Calcareous grasslands are among the most species-rich habitats of Europe. Their occurrence has declined since the beginning of the green revolution as many of them were transformed into intensively farmed meadows or fields. The region of northwestern Switzerland has still a remarkable number of remnants, though census data collected since the 1950s document the decline or local extinction in a number of flowering plants in them, especially in the more fragmented remnants. This trend suggests that despite the currently high protection status calcareous grasslands have and management efforts to maintain species diversity, many plants do not benefit from these conservation measures.

Overall objectives. The goal of the study is to assess the change in the vegetation of the remnants over time and understand the important drivers, including eutrophication, climate change, and management schemes. Furthermore, the project will assess why some outcrossing, insect-pollinated plants have continued declining. For some of them, the project will evaluate the contribution of mate limitation versus pollinator limitation. Outcrossing in plants is often determined by the genetic factor of self-incompatibility that leads to the avoidance both of self-pollination and pollination between close relatives. If plants of a species are rare, there may not be enough unrelated compatible mates.

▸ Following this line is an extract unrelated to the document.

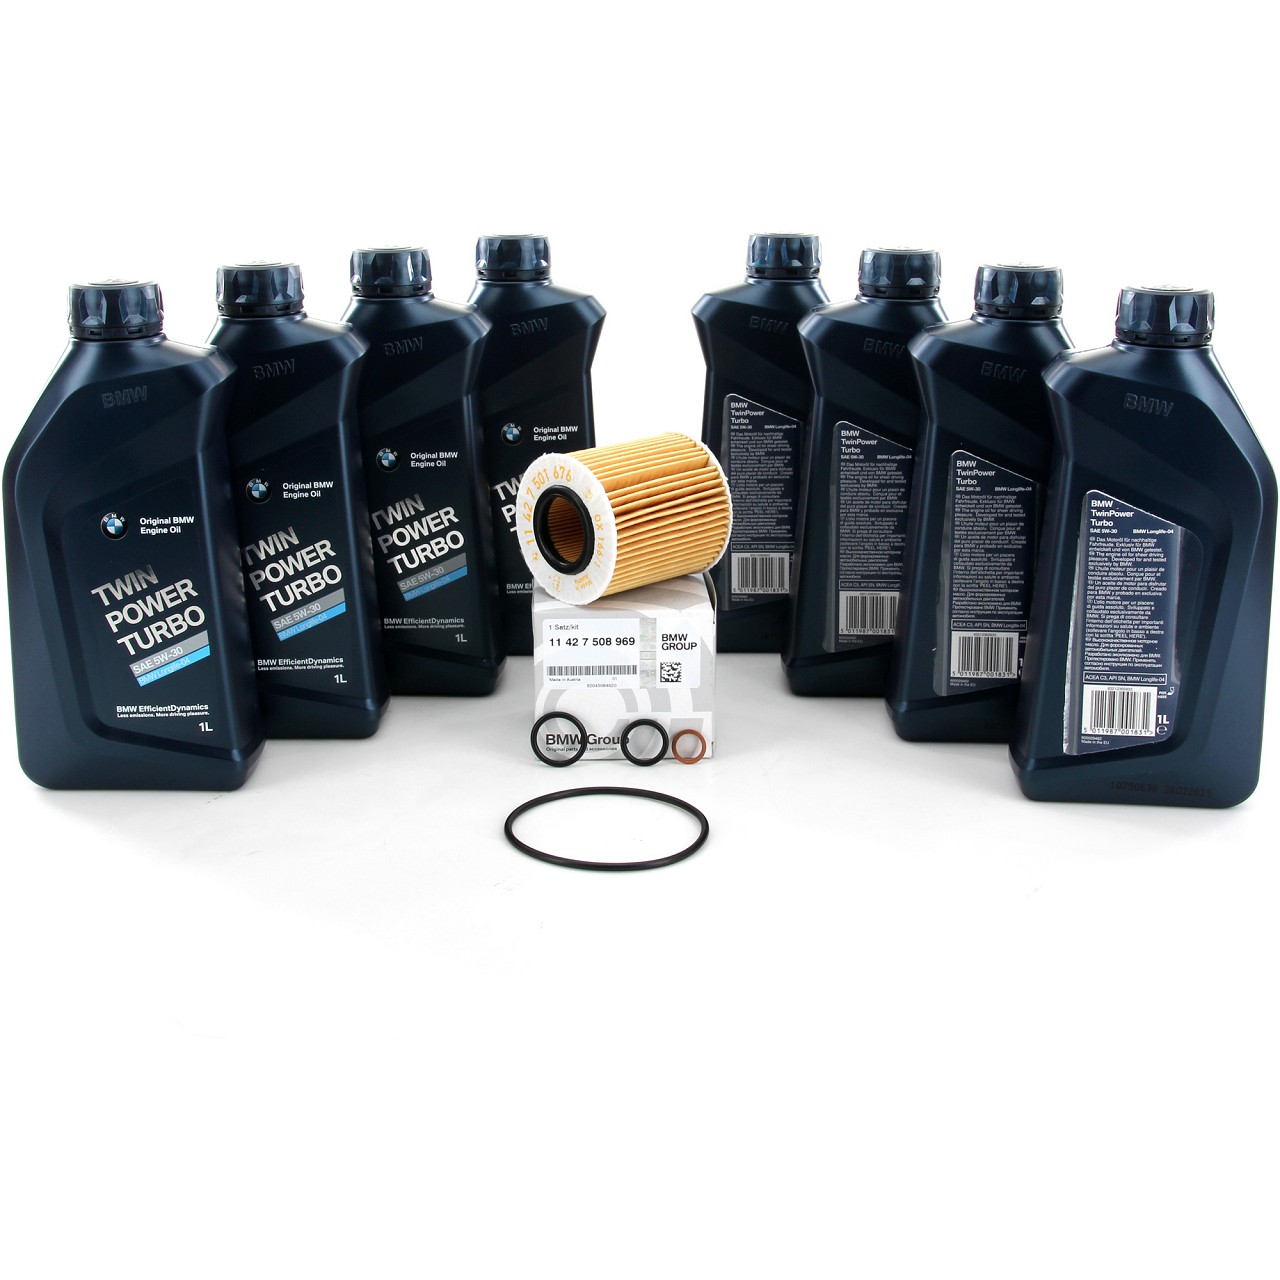 ORIGINAL BMW Motoröl Öl 5W30 LongLife-04 8 Liter + Ölfilter 11427508969

Another potential problem may be that terrestrial insects, many of which are important pollinators, have declined in the past decades, and those that remain may not provide sufficient pollination services.

Specific aims. The proposed research will focus on over 50 grassland remnants in the greater region of Basel that have been surveyed intensively over the last 70 years. The specific aims are:

  (1) To add to the time-serious of surveying the 50 remnants and analyse the change in plant composition in more detail. So far, the time serious includes 1950, 1985, 1996 and 2016. By repeating the census in 2024, we will be able to assess change in plant composition, link it to eutrophication and climate change, and pinpoint the management efforts that have had a positive effect on rare specialist plants.

  (2) Based on 5 selected plant species that have declined strongly over the past 70 years, we will assess the contribution of mate and pollinator limitation. We will test whether reproductive success is lower because of incompatible mates and/or a low abundance of effective pollinators.

Impact. Taken as a whole, this research should pinpoint the causes of the decline of rare plants in protected calcareous grasslands and provide guidelines for managing them adequately, to assure the promotion and long-term survival of plant diversity specialized to this type of habitat.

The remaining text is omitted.